To begin with, artificial intelligence works by merging massive sets of information using clever processing techniques and complete several tasks quickly and effectively in a short period of time. To work properly, AI has to leverage two main tools – deep learning and machine learning.
However, AI also needs a bedrock of specialized hardware and software for writing and training the machine learning algorithms. Although we cannot correlate a single programming language with AI, Python, R, Java, C++ and Julia have characteristics that are popular with AI developers.
So, in generic terms, AI works by consuming large amounts of ‘labeled training data,’ analyzing the data for patterns and leveraging the patterns to make future predictions and estimations. To properly understand how AI works, it is essential to understand the main ancillaries – Machine Learning (ML) and Deep Learning.
Simply put, machine learning is particular application of Artificial Intеlligеncе that enables computer systems to understand historical data and show results based on experience and display patterns and make predictions. So, ML is an algorithm that is fed data by a computer and then uses statistical techniques to ‘learn’ how to get better at a task, without even being specifically programmed for that task.
On the other hand, deep learning (DL) is a variant of machine learning that utilises artificial neural systems for processing data &, hence, find results.
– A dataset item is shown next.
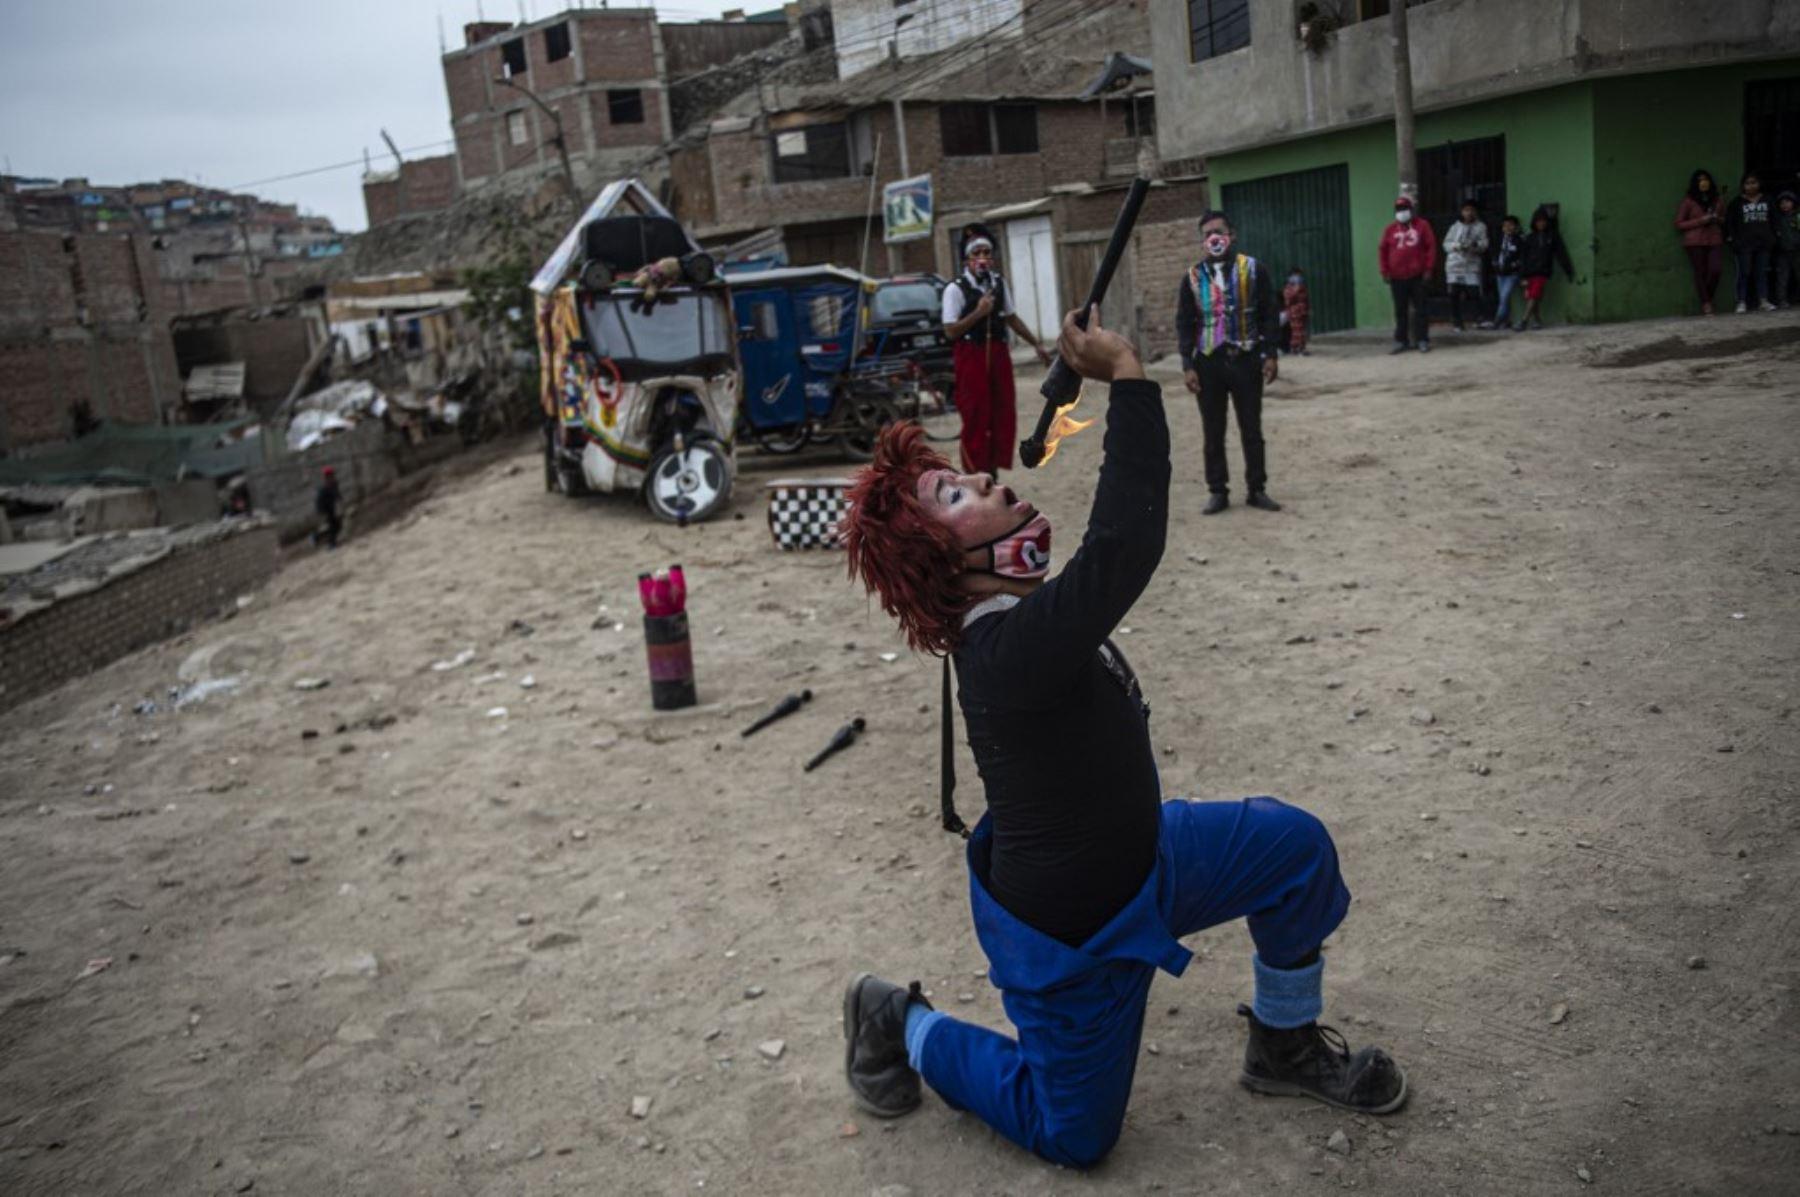 Un payaso actúa en el distrito de Puente Piedra, en las afueras del norte de Lima, durante la pandemia de covid-19. Debido a la pandemia de coronavirus, los circos en Perú permanecen cerrados, lo que lleva a este grupo de payasos que viajan en su circo mototaxi a actuar en las calles de Lima.   Foto: AFP

In other words, deep learning uses artificial neural system that emulate biological neural networks in the brain to processing data, establish connections between data and arrive at inferences premised on positive or negative reinforcement.
Apart from ML and DL, Artificial Intelligence also needs robotics, cognitive computing skills, language processing and computer vision to enable computers to imitate and mimic the way the human brain works while performing complicated tasks.
Wrapping It Up
So, there we have it, a crisp overview of what artificial intelligence is and how it works.